Disk sdl in our storage server had shown one read error in smart check 
long and was apparently dying rapidly.
I issued want_replacement so to replicate sdl to the spare sdm.
It started correctly, like this:

    md54 : active raid5 sde1[0] sdh1[2] sdm1[5](R) sdf1[1] sdl1[6] sdi1[3]
            11603730432 blocks super 1.2 level 5, 1024k chunk, 
algorithm 2 [5/5] [UUUUU]
            [>....................]  recovery =  0.2% 
(6609916/2900932608) finish=598.6min speed=80573K/sec
            bitmap: 1/173 pages [4KB], 8192KB chunk

but then it met read errors in sdl (source) and instead of skipping 
those or rewriting those on just sdm, it tried to rewrite those (only or 
also) on sdl, i.e. the source.
Sdl was dying and was not capable of accepting the rewrites, so it was 
kicked by MD, the array went to degraded state, and the process 
restarted (or maybe continued) with reconstruction with one failed disk.

So it went from this:

    md54 : active raid5 sde1[0] sdh1[2] sdm1[5](R) sdf1[1] sdl1[6] sdi1[3]
            11603730432 blocks super 1.2 level 5, 1024k chunk, 
algorithm 2 [5/5] [UUUUU]
            [>....................]  recovery =  0.3% 
(11584992/2900932608) finish=1279.9min speed=37621K/sec
            bitmap: 1/173 pages [4KB], 8192KB chunk

To this:

    md54 : active raid5 sde1[0] sdh1[2] sdm1[5](R) sdf1[1] sdl1[6](F) 
sdi1[3]
            11603730432 blocks super 1.2 level 5, 1024k chunk, 
algorithm 2 [5/4] [UUUU_]
            [>....................]  recovery =  1.4% 
(41691236/2900932608) finish=578.6min speed=82352K/sec
            bitmap: 1/173 pages [4KB], 8192KB chunk

From dmesg one cannot detect that MD performed a rewrite on sdl, but I 
can tell that from smartctl -x /dev/sdl, for which the last recorded 
error is:

    Error 17 [16] occurred at disk power-on lifetime: 15114 hours (629 
days + 18 hours)
    When the command that caused the error occurred, the device was 
active or idle.

    After command completion occurred, registers were:
    ER -- ST COUNT  LBA_48  LH LM LL DV DC
    -- -- -- == -- == == == -- -- -- -- --
    40 -- 51 00 00 00 00 01 62 a8 a0 40 00  Error: WP at LBA = 
0x0162a8a0 = 23242912

    Commands leading to the command that caused the error were:
    CR FEATR COUNT  LBA_48  LH LM LL DV DC  Powered_Up_Time 
Command/Feature_Name
    -- == -- == -- == == == -- -- -- -- --  --------------- 
--------------------
    61 04 00 00 40 00 00 01 62 ab c0 40 00 10d+00:06:33.287  WRITE 
FPDMA QUEUED
    61 04 00 00 38 00 00 01 62 9f c0 40 00 10d+00:06:33.287  WRITE 
FPDMA QUEUED
    61 04 00 00 30 00 00 01 62 c3 c0 40 00 10d+00:06:33.285  WRITE 
FPDMA QUEUED
    61 04 00 00 28 00 00 01 62 c7 c0 40 00 10d+00:06:33.276  WRITE 
FPDMA QUEUED
    60 04 00 00 20 00 00 01 62 5f c0 40 00 10d+00:06:33.276  READ FPDMA 
QUEUED

which is a write error, and was not present before the replacement 
operation.

I thought the whole point of want_replacement was to NOT attempt to 
correct read errors onto the source. There is no point in doing that, 
doing that would just risk to make the source fail.

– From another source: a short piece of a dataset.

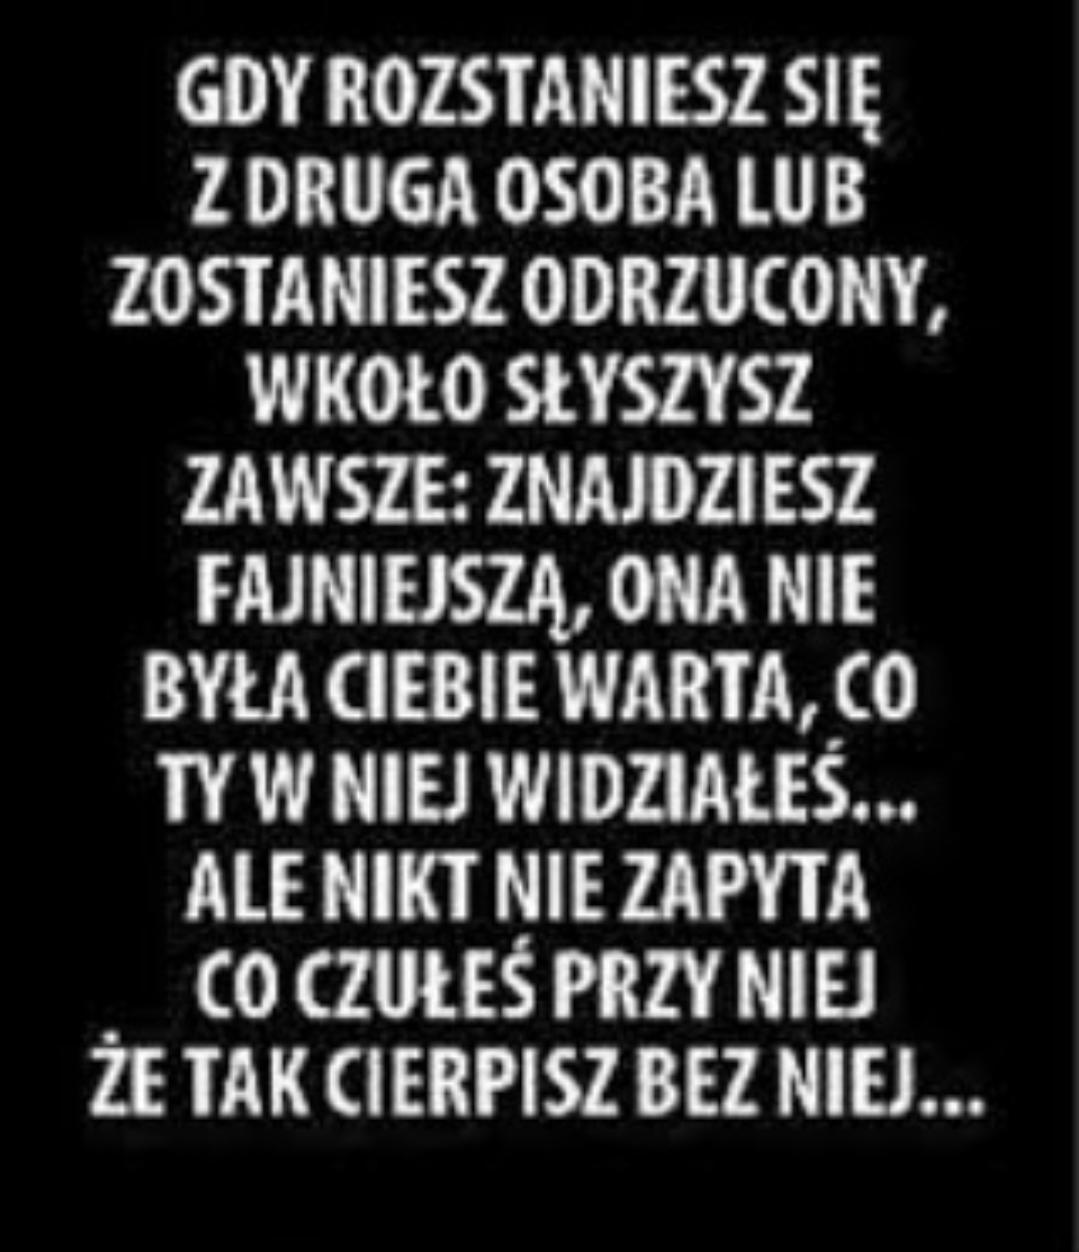 Pin By Rita Szornak On Cytaty Cytaty Cytaty Zyciowe

During a replacement read errors should IMHO remain read errors on the 
source. Even if it happens afterwards that normal array operation wants 
to read from exactly such sector which has not been rewritten, it will 
still receive a read error from the source. No problem because after 
this it has other 2 places to read such data from: sdm (replacement 
drive, if it has already passed that point), or reconstruction from the 
other members of the array. After this, again MD would try to perform a 
rewrite: also such rewrite (not coming from the reconstruction process) 
should again go just to the replacement drive and never to the source. 
Read errors on the source should remain read errors.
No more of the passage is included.